Ebenfalls sehr beeindruckend ist die Darstellung des Kreativ-Prozesses in den Disney-Studios. Gezeigt wird wie die unermüdlich schaffensfrohen Komponisten-Brüder Richard M. und Robert B. Sherman sowie der zuvor als Animator tätige Drehbuchautor Don DaGradi es schließlich schafften P.  L. Travers weich zu kochen und durch den neu komponierten Song „Let’s Go Fly A Kite“ sogar zum Tanzen brachten. “Saving Mr.
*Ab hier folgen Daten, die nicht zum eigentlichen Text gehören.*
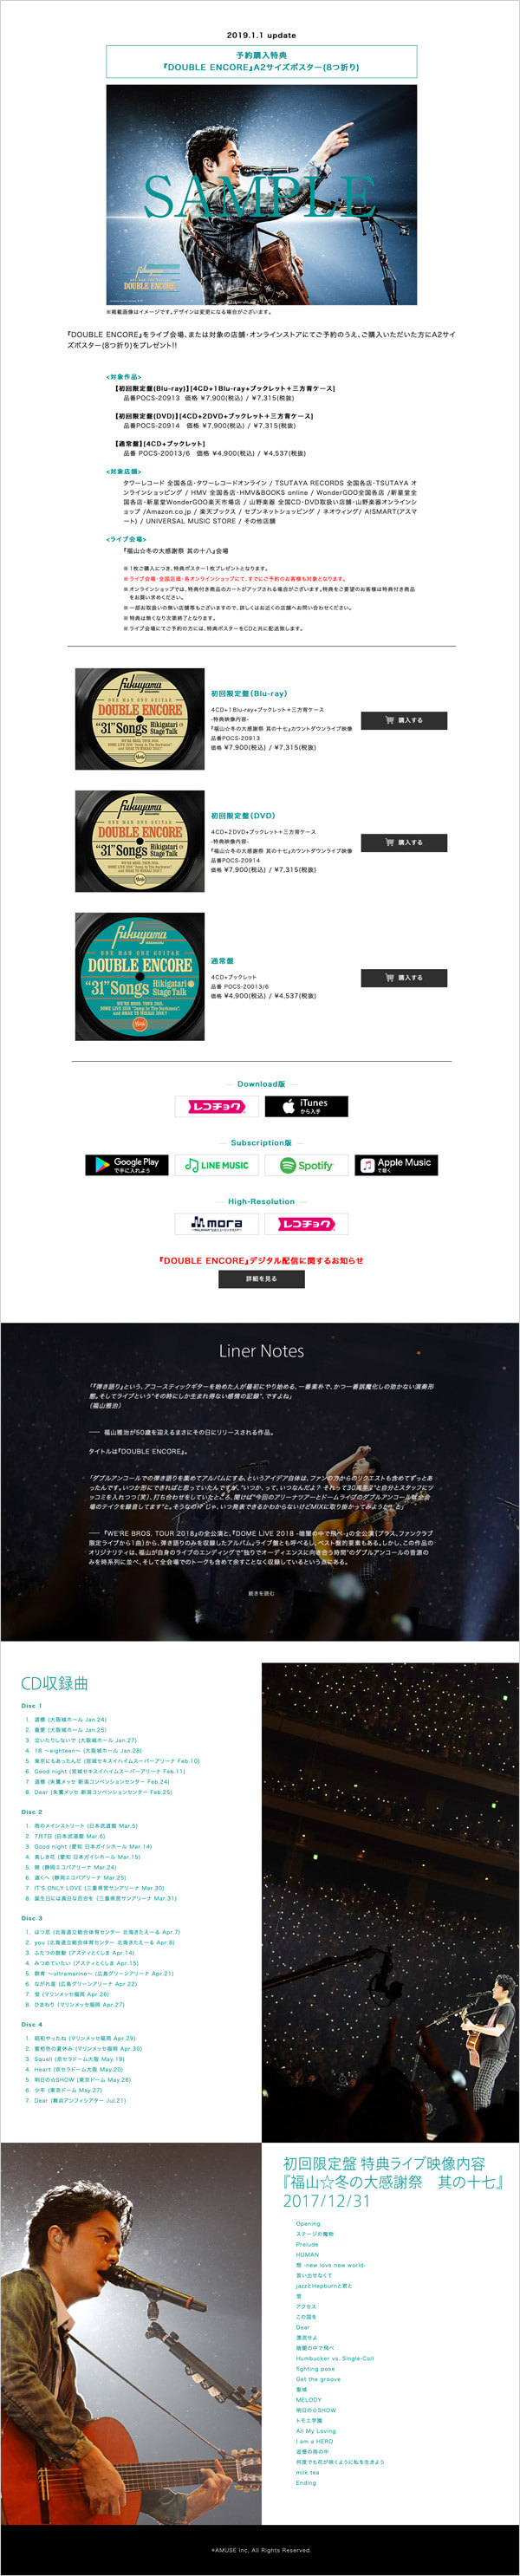 福山雅治 「DOUBLE ENCORE」特設サイト

Banks“ könnte die erste verfilmte Entstehungsgeschichte eines Filmklassikers sein, die selbst einmal ein Filmklassiker wird.

Saving Mr. Banks

Die Blu-ray enthält als Bonusmaterial noch drei nicht verwenderte Szenen (insgesamt 7:24 min), den Bericht „Die Walt Disney Studios gestern und heute“ (14:35 min) sowie eine kurze knapp 2-minütige Impression vom letzten Drehtag als das gesamte Team gemeinsam den Song „Let’s Go Fly A Kite“ schmettert.